The domain implements a hybrid static-and-AI analysis strategy to extract project topology, code dependencies, interface definitions, and architectural relationships from 12+ programming languages. Its primary output—`Vec<CodeInsight>`—serves as the critical data substrate for downstream Research Domain agents performing C4-level architectural analysis.
**Key Characteristics:**
- **Language Agnostic**: Trait-based abstraction supporting Rust, Java, Python, JavaScript, TypeScript, C#, PHP, Kotlin, Swift, React, Vue, and Svelte
- **Hybrid Analysis**: Combines high-performance static regex parsing with LLM-enhanced semantic analysis
- **Parallel Execution**: Controlled concurrency using Tokio async runtime with semaphore-based resource limiting
- **Stateful Pipeline**: Persists results to scoped memory (`MemoryScope::PREPROCESS`) for cross-domain data transfer
---
## 2. Architectural Position
Within the system's Domain-Driven Design (DDD) architecture, the Preprocessing Domain resides in the **Core Business Domain** layer. It maintains strict upstream dependencies on Infrastructure Domains (Configuration, LLM Integration, Caching) and downstream data contracts with the Research Domain.
```mermaid
graph LR
A[Configuration<br/>Management] -->|initializes| B[Core Generation<br/>Domain]
B -->|orchestrates| C[Preprocessing<br/>Domain]
C -->|produces| D[MemoryScope::<br/>PREPROCESS]
D -->|consumes| E[Research<br/>Domain]
F[LLM Integration] -.->|enhances| C
G[Caching Domain] -.->|optimizes| C
style C fill:#e8f5e9,stroke:#1b5e20,stroke-width:2px
style D fill:#fff3e0,stroke:#e65100
```
**Execution Pattern:**
Unlike the Research and Composition domains that utilize the declarative `StepForwardAgent` trait framework, Preprocessing employs an **imperative execution pattern**. Agents in this domain directly invoke the `AgentExecutor` for fine-grained control over data transformation tasks that require complex filtering, parallelization, and staged persistence logic.
---
## 3. Core Components
### 3.1 PreProcessAgent (Orchestrator)
The central coordinator implementing the `Generator<PreprocessingResult>` trait. It executes a deterministic six-step workflow with structured progress logging and performance instrumentation.
**Key Responsibilities:**
- Pipeline sequencing and error boundary management
- Resource allocation (parallelism limits via `config.llm.max_parallels`)

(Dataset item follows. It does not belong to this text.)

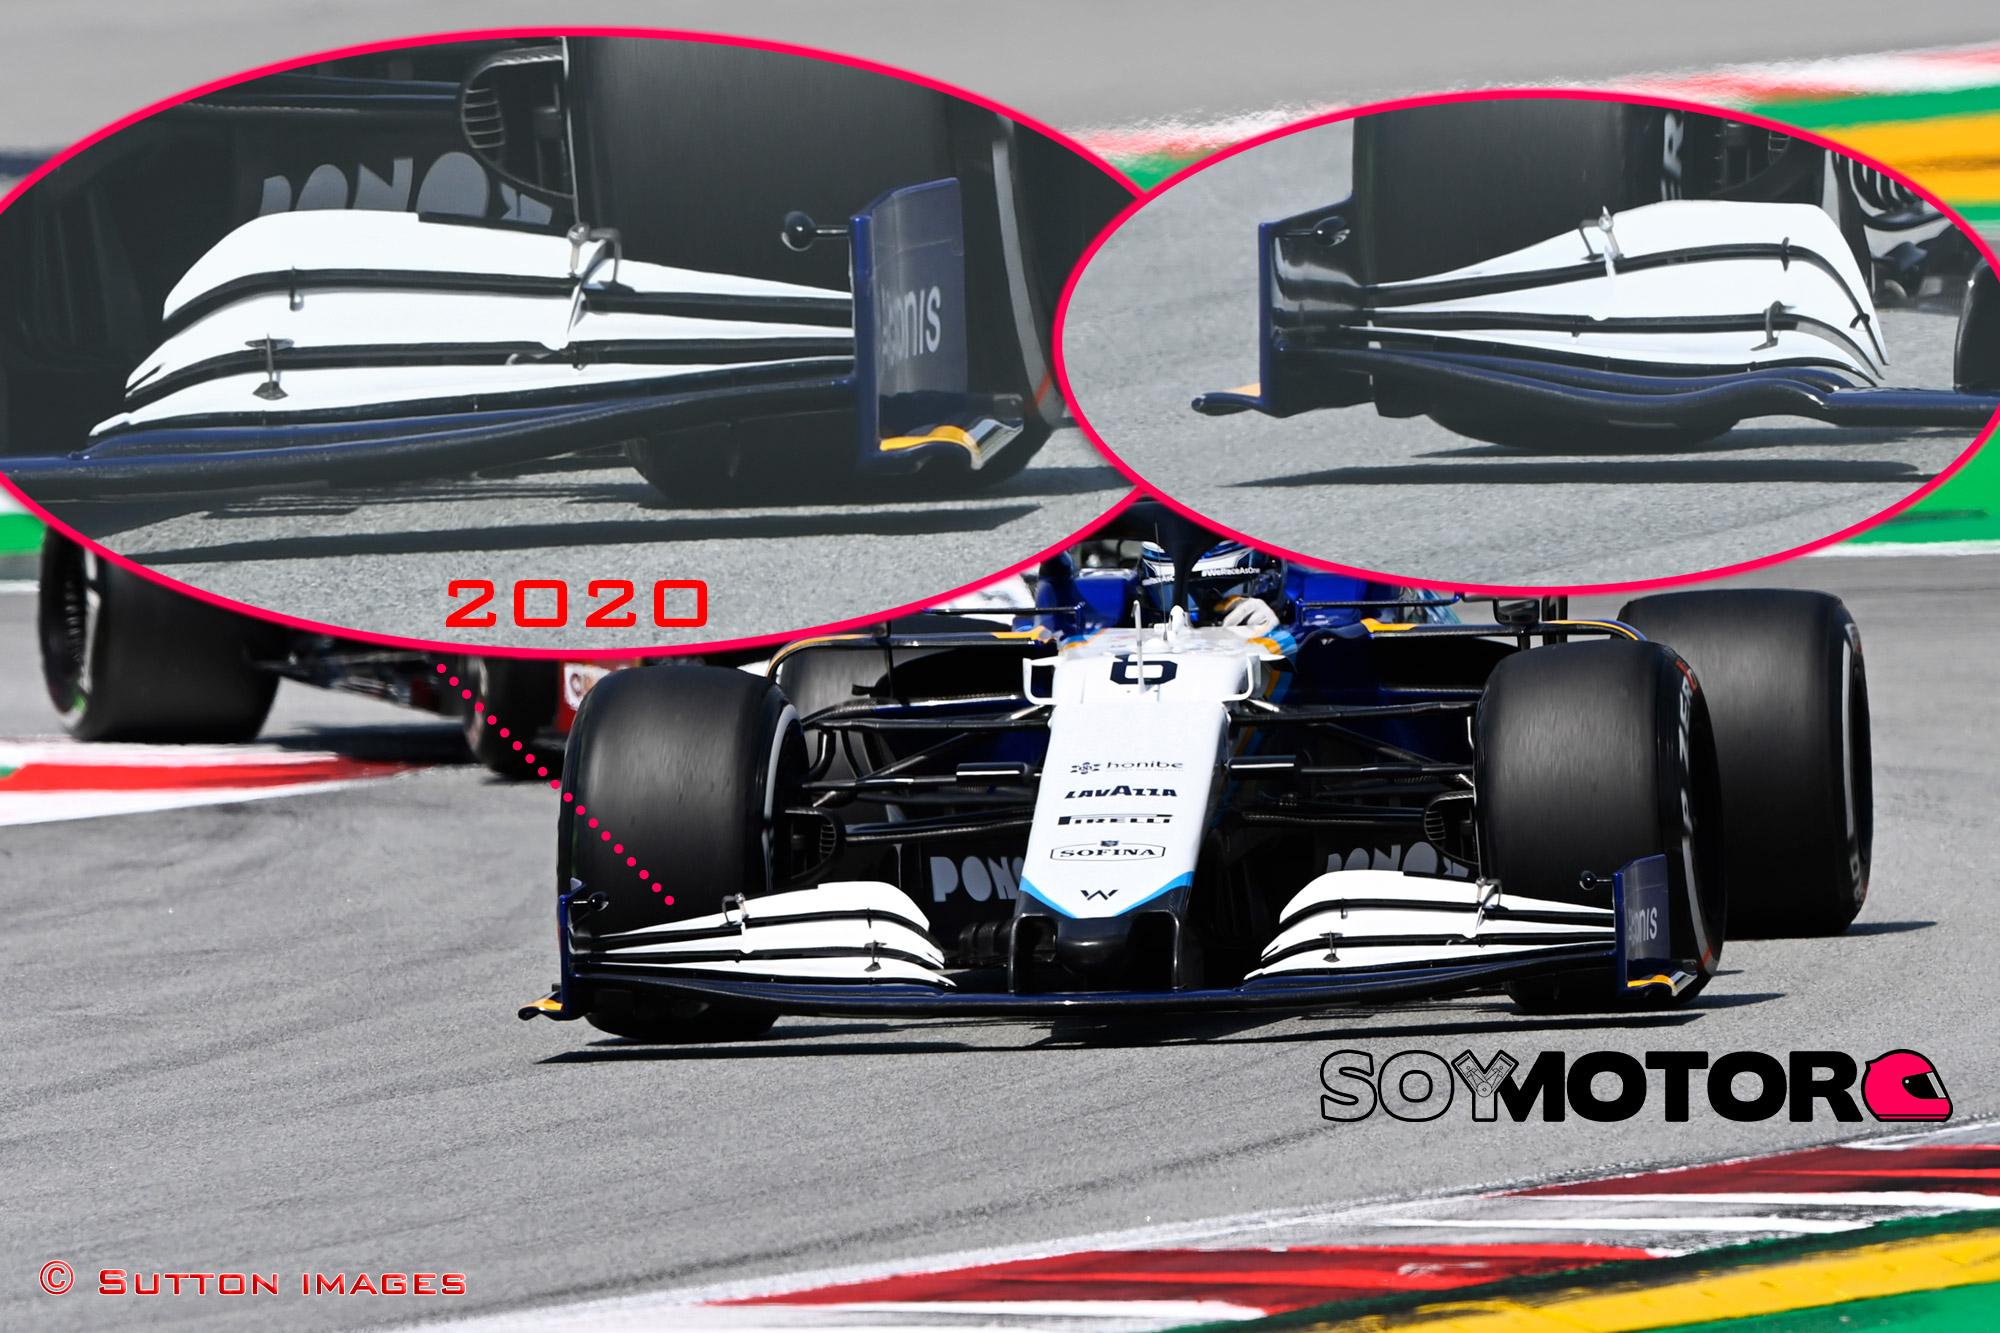 williams-dos-alas-delanteras-soymotor_0.jpg

- Cross-component data marshalling
- Final result aggregation and memory persistence
### 3.2 StructureExtractor
Performs recursive directory traversal with intelligent file filtering. Implements the `BoxFuture` pattern for async directory walking while respecting `.gitignore` semantics and exclusion patterns.
**Capabilities:**
- Importance scoring algorithm (multi-factor heuristic based on path depth, naming conventions, file size, and extension type)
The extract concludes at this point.